What is the complexity of the hash function sha1

3.1k views Asked by At

As the size of my substring grows, how can I find the complexity of this section of code?

if size > 160:
    sub = (hashlib.sha1(sub.encode('utf-8')).hexdigest())

I became curious when I noticed my program running as if the hash function executed in constant time. For my program, if the 'size' is 165, worst case the above code will execute 165x. A test I've just done shows sha1 executing with an unstable relationship with length.

Length  Time
0   0
1   0.015000105
2   0.016000032
3   0.046000004
4   0.046999931
5   0.062000036
6   0.078000069
7   0.078000069
8   0.07799983
9   0.108999968

Test code:

import string
import random
import hashlib
import time

def randomly(size=6, chars=string.ascii_uppercase + string.digits):
    return ''.join(random.choice(chars) for _ in range(size))

for i in range(1, 10000001, 1000000):
    random_str = randomly(i)
    start = time.time()
    str_hash = hashlib.sha1(random_str.encode('utf-8')).hexdigest()
    print time.time() - start
2

There are 2 answers

0
ZZY On BEST ANSWER

I don't agree with DarthGizka. Here are more description from the same wikipedia article:

Pre-processing:
append the bit '1' to the message i.e. by adding 0x80 if characters are 8 bits. 
append 0 ≤ k < 512 bits '0', thus the resulting message length (in bits)
   is congruent to 448 (mod 512)
append ml, in a 64-bit big-endian integer. So now the message length is a multiple of 512 bits.

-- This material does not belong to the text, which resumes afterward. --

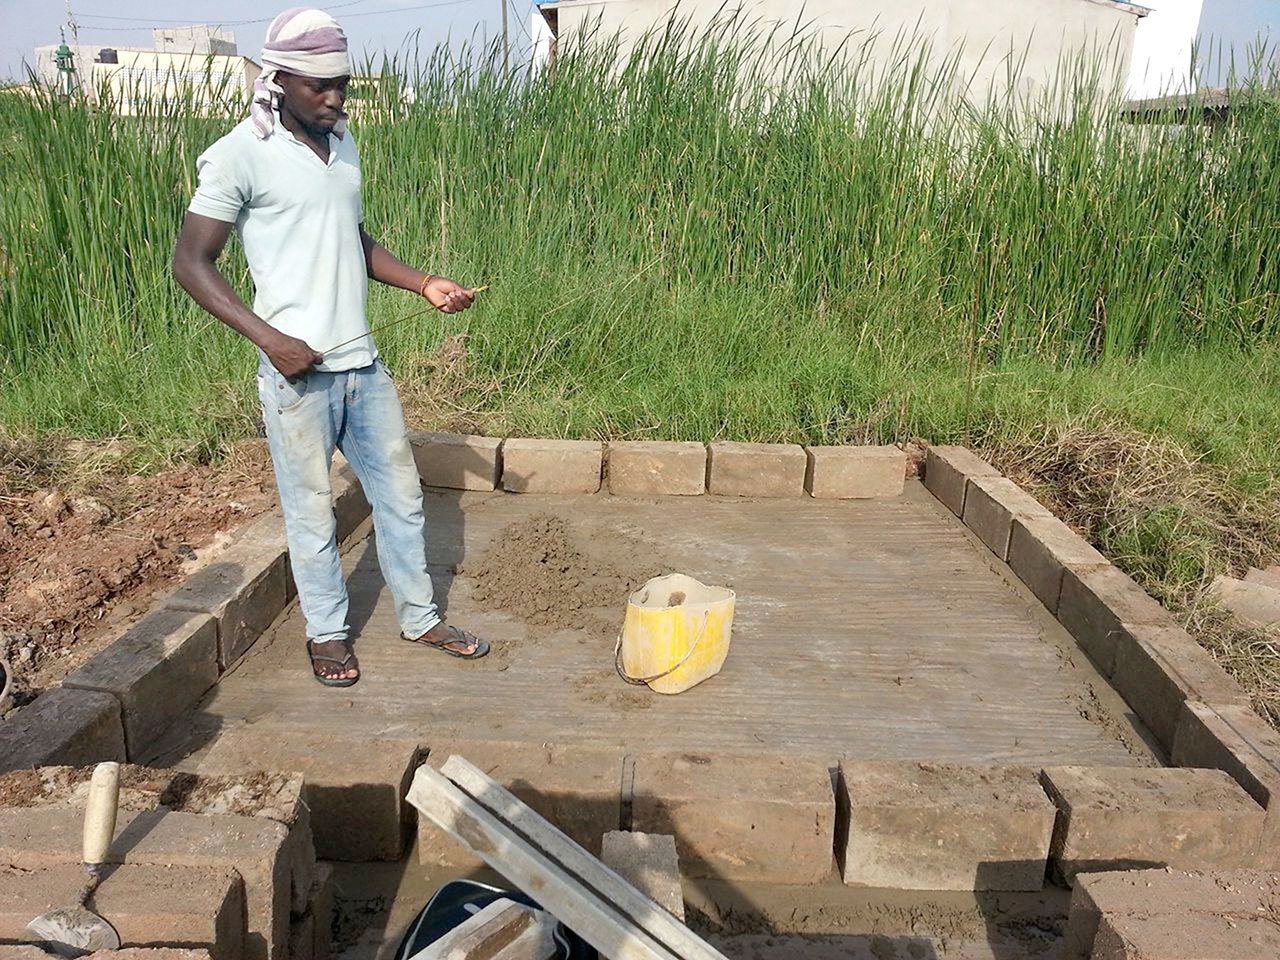 An unidentified man works on a compost toilet for a family living in the village of Zogbedgi, Togo, as part of the Dignity Toilets for Togo program. (Bedi Taouvik Boukari)

Process the message in successive 512-bit chunks:
break message into 512-bit chunks
for each chunk
    break chunk into sixteen 32-bit big-endian words w[i], 0 ≤ i ≤ 15

    Extend the sixteen 32-bit words into eighty 32-bit words:
    for i from 16 to 79
        w[i] = (w[i-3] xor w[i-8] xor w[i-14] xor w[i-16]) leftrotate 1

        ......

The work of padding is just a pre-processing. More work is done within for each chunk. Since mattkaeo's data size is larger than 1000000 chars (except for the 1st one), for loop should consumes the most time, while consumption of padding is negligible.

mattkaeo's result is not very linear, I believe, is because he only run each sample once, so system noise (e.g. OS and other processes share CPU power) is significant. I run each sample 200 times:

import timeit
for i in range(1, 10000001, 1000000):
    random_str = randomly(i)
    print timeit.timeit('hashlib.sha1(random_str).hexdigest()',
                        setup='import hashlib; random_str="%s".encode("utf-8")' % random_str,
                        number=200)

The result is much more linear:

0.000172138214111
0.303541898727
0.620085954666
0.932041883469
1.29230999947
1.57217502594
1.93531990051
2.24045419693
2.56945014
2.95437908173
2
DarthGizka On

The SHA-1 algorithm pads input ('messages') to a multiple of 512 bits, after appending a '1' bit and the size of the input. From the description of the algorithm in the wikipedia:

append the bit '1' to the message i.e. by adding 0x80 if characters are 8 bits
append 0 ≤ k < 512 bits '0'
append ml (message length), in a 64-bit big-endian integer.

That is why the run time is a step function of the input, remaining constant for a while, then jumping.

However, this effect diminishes as message sizes get larger in relation to the block size (step) of 64 bytes.

Other noticable changes occur as message sizes approach and exceed the various memory cache sizes: typically 32 KB for the level-1 cache (L1), 256 KB for the L2, and 4, 8 or even 20 MB for the L3 cache, in order from fastest to slowest. Un-cached memory accesses are even slower.

In mattkeo's case the hashing would have found the caches warm (that is, a lot of the data would still have been in the cache) as long as the data didn't exceed the cache size significantly. The difference between a warm cache and un-cached memory tends to be more noticeable than for a lukewarm or cold cache with a poor hit rate.